• Dataset content
---*---

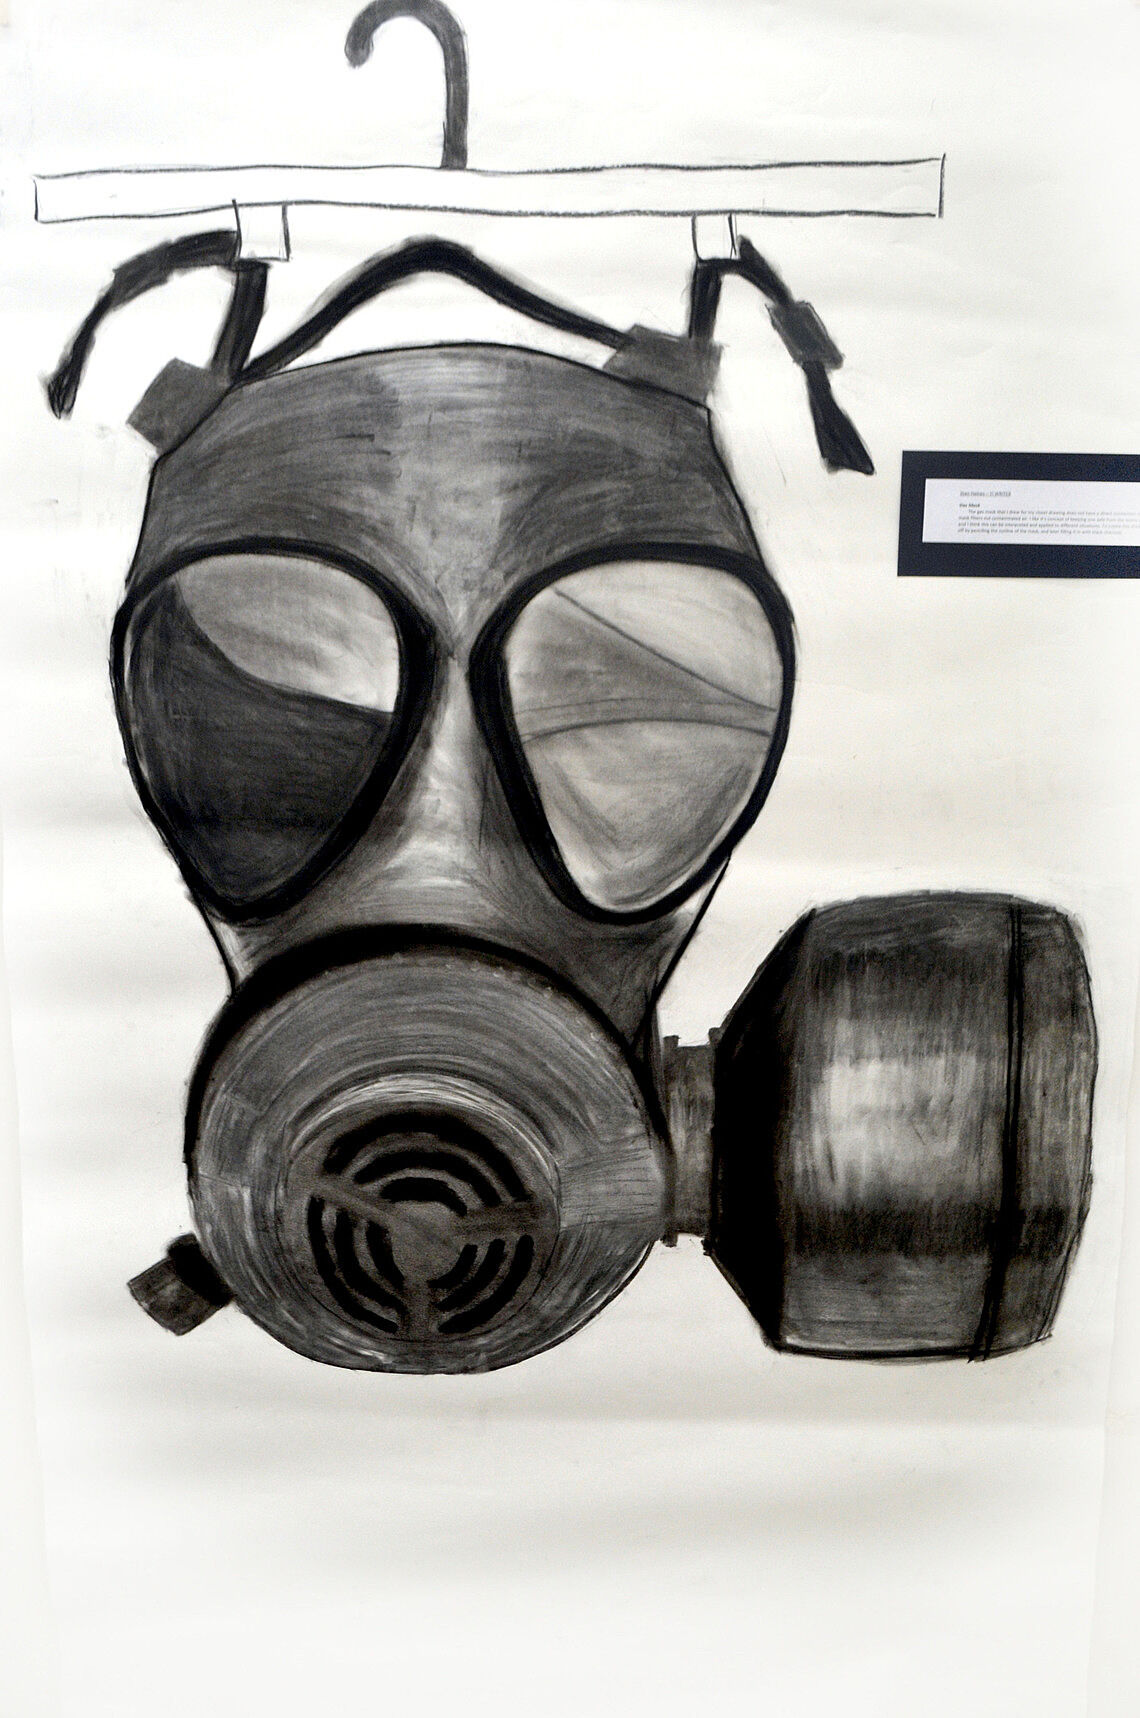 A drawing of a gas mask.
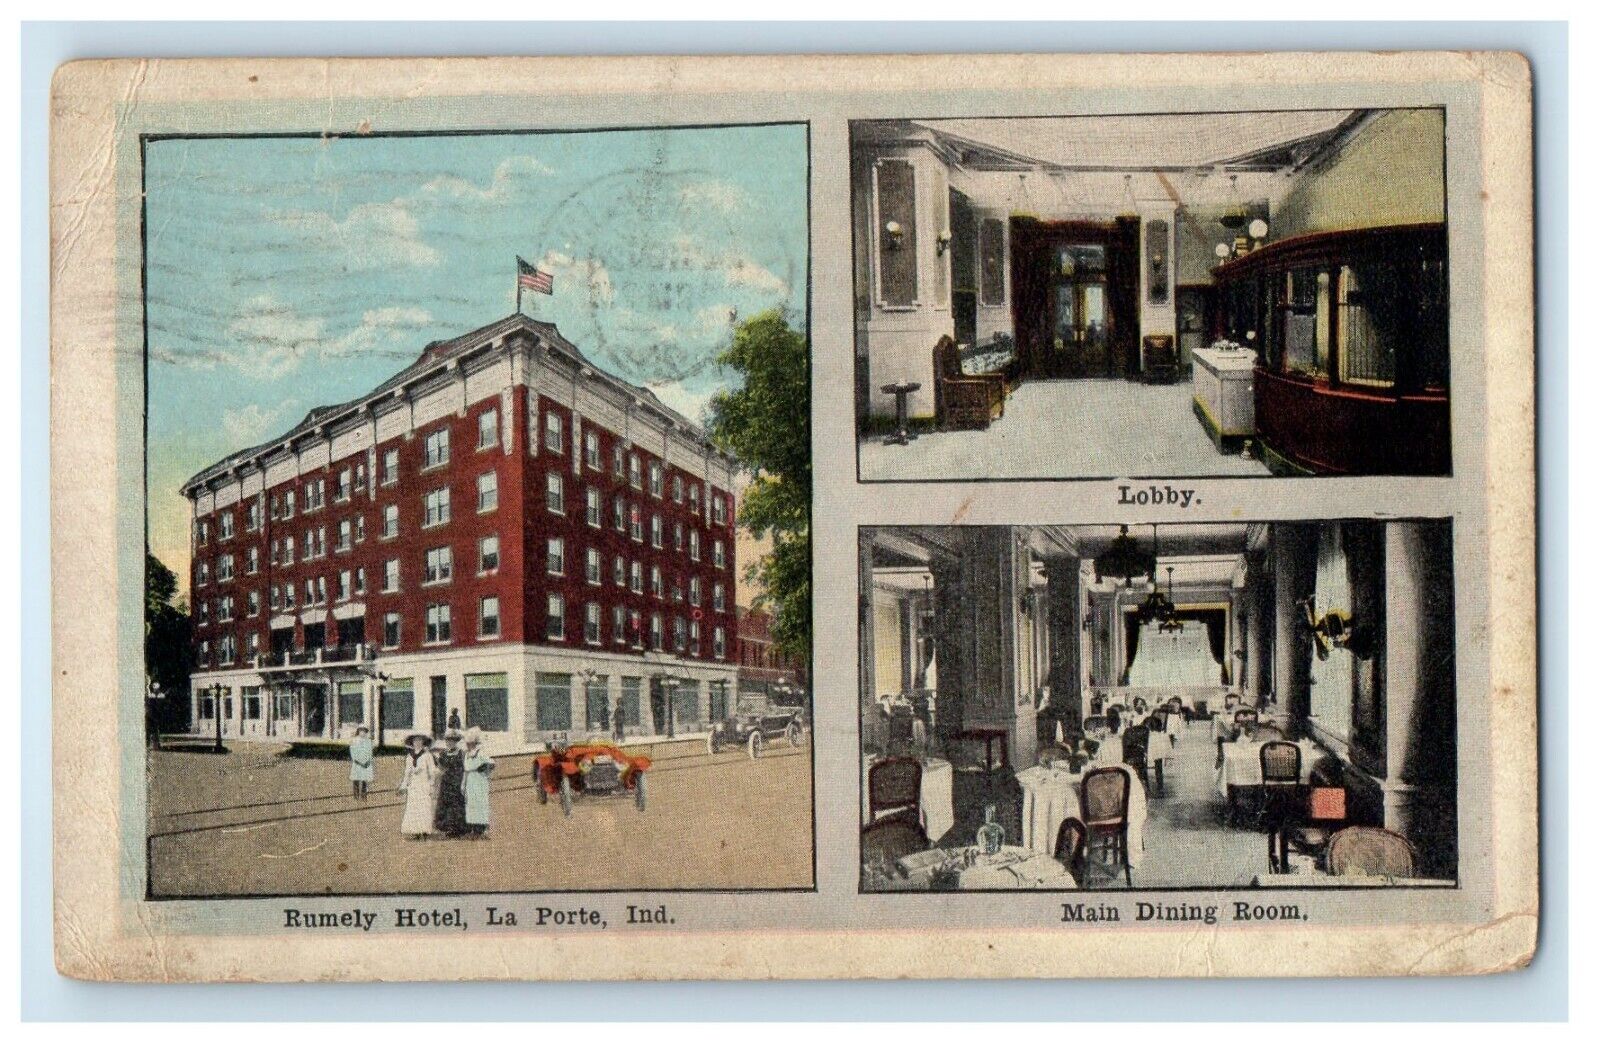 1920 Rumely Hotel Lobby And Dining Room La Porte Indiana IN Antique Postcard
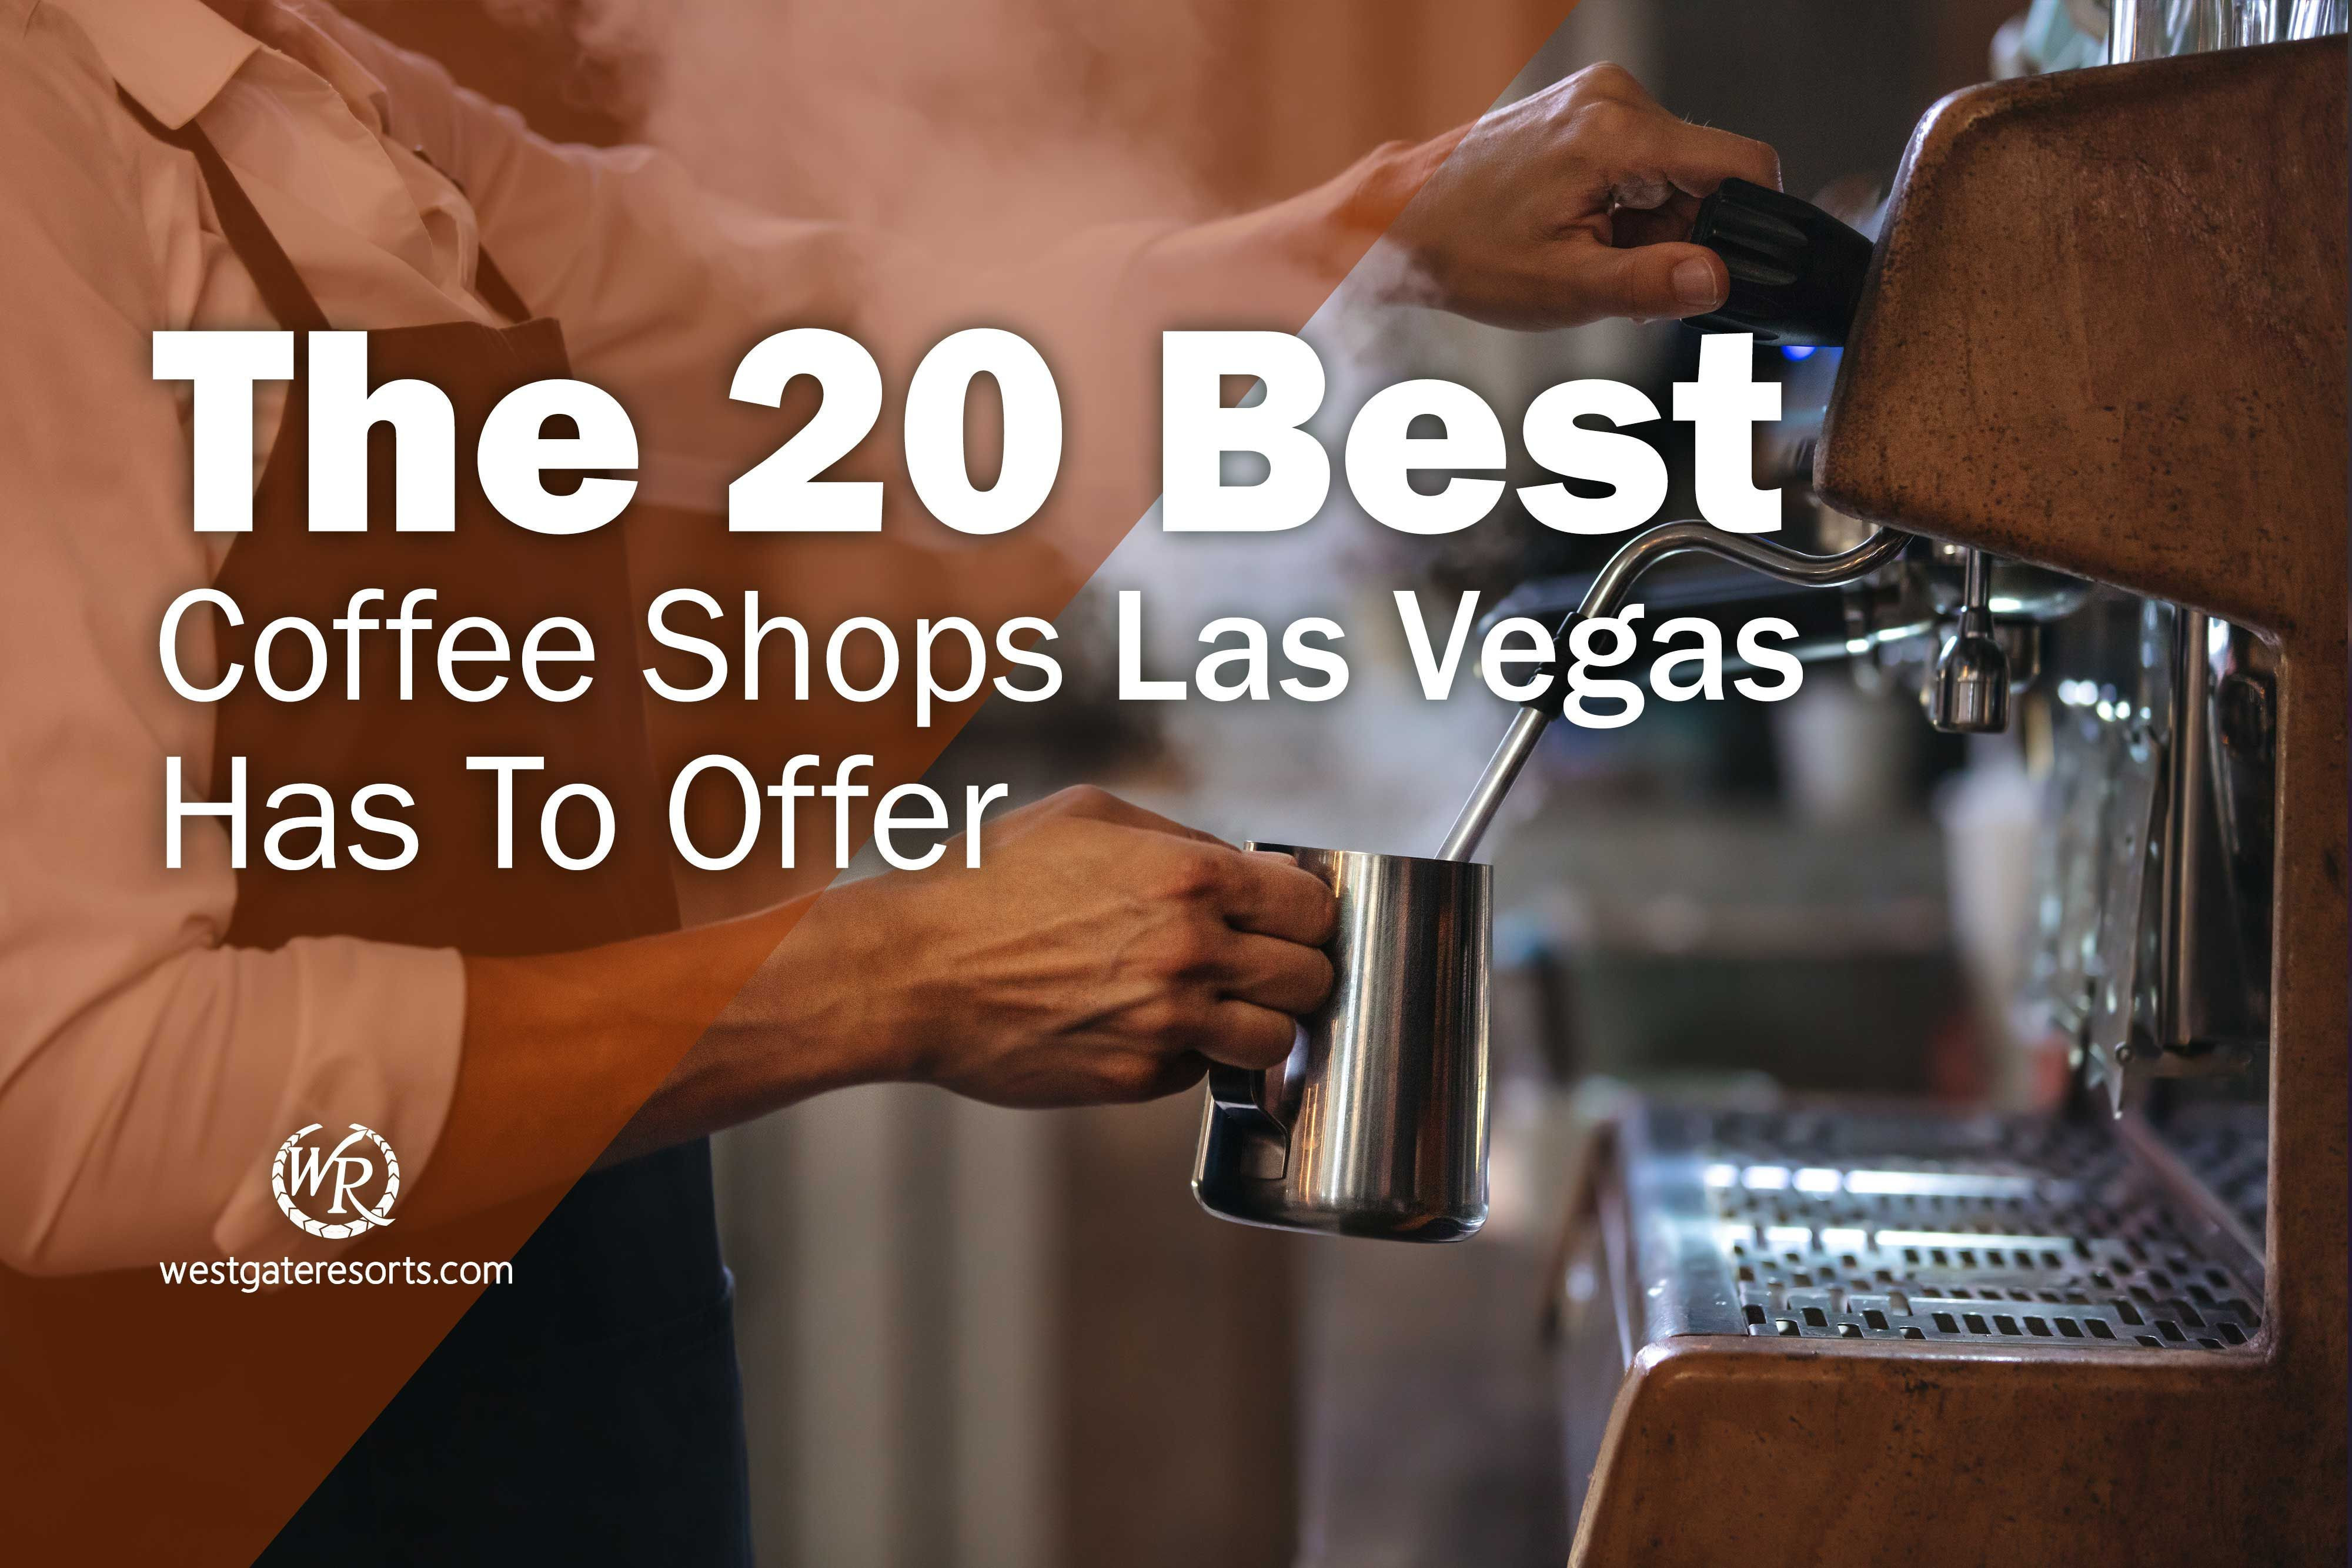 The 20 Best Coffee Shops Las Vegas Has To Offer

---*---

• Activity
Would you copy out all the data exactly, without the images?

• Solution for this exercise
 A drawing of a gas mask.
 1920 Rumely Hotel Lobby And Dining Room La Porte Indiana IN Antique Postcard
 The 20 Best Coffee Shops Las Vegas Has To Offer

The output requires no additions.